# Using Plague Drones as Blight Drones?



## venomlust (Feb 9, 2010)

I really like the looks of the Plague Drone and the rules of the Blight Drone. In order to save money and also have a better looking model, what would you think about using Plague Drones as Blight Drones? I speak of using the Plague Drone as a base, removing the Plaguebearer rider, and then adding the gun/mechanical portions of the body.

I would want a counts-as to be as close in size as possible, and I think that they're a pretty good fit (without ever having held them in my hand).











Thoughts?


----------



## Dave T Hobbit (Dec 3, 2009)

Provided you weren't fielding Plague Drones and Blight Drones in the same army, I wouldn't have the slightest issue with it.
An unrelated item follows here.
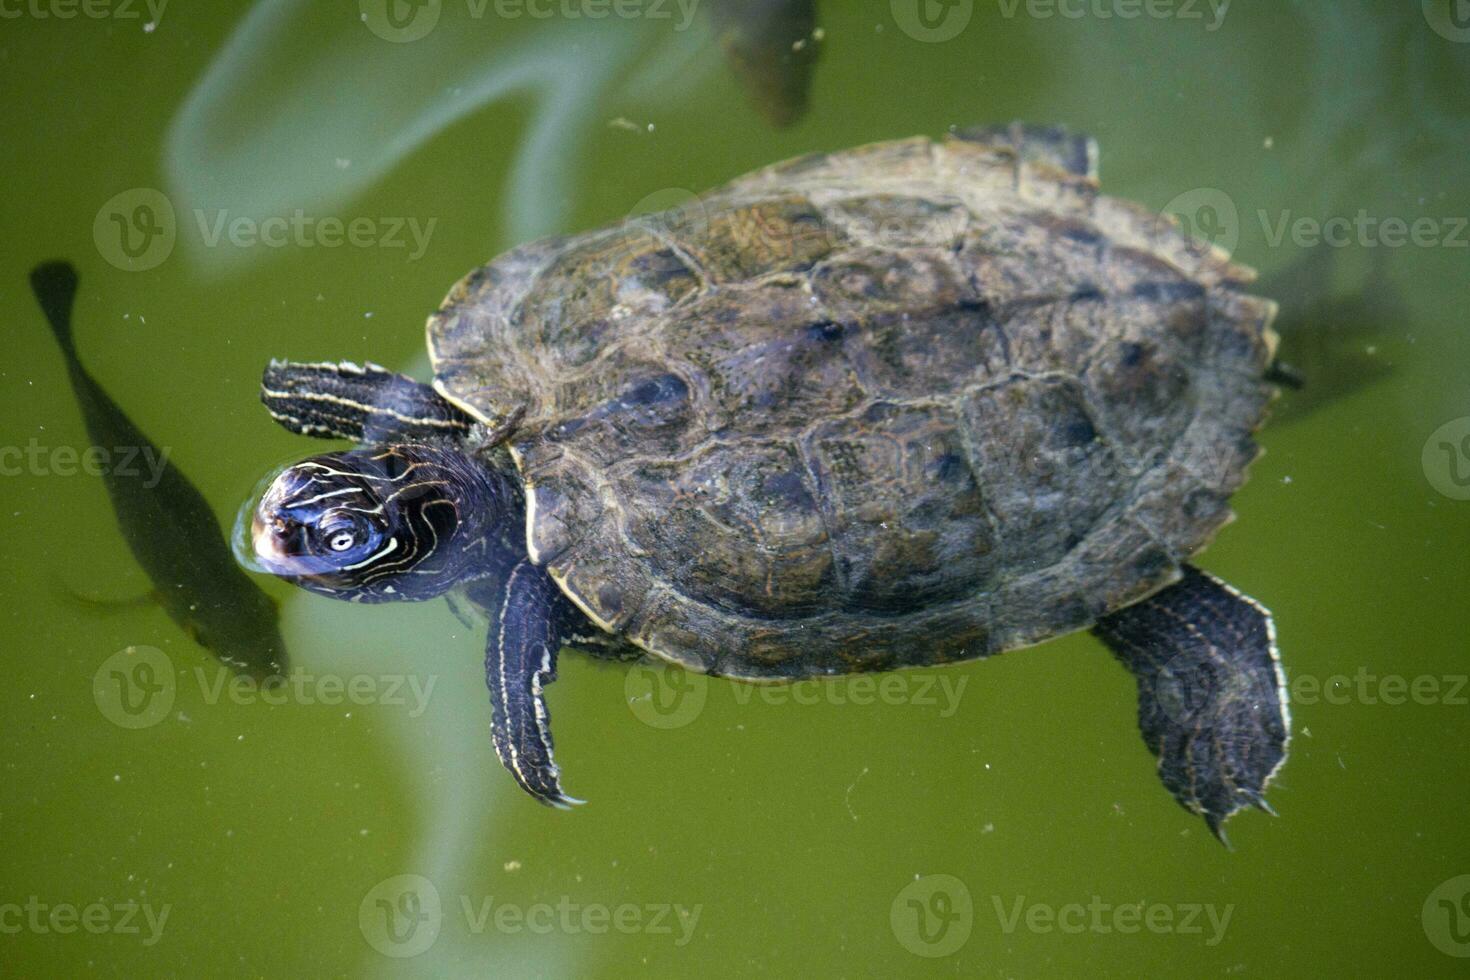 Yellow-bellied slider turtle photo

If you were, I would be fine provided the conversion made them distinct enough it was obvious even at a glance.


----------



## Nordicus (May 3, 2013)

Dave T Hobbit said:


> Provided you weren't fielding Plague Drones and Blight Drones in the same army, I wouldn't have the slightest issue with it.
> 
> If you were, I would be fine provided the conversion made them distinct enough it was obvious even at a glance.


Exactly my thoughts as well. I agree with Dave on this one


----------



## venomlust (Feb 9, 2010)

Thanks, fellas. They seem like a fun unit to play with, but honestly their sculpt just doesn't do it for me. At least not for the price. Plague Drones, on the other hand, look awesome.


----------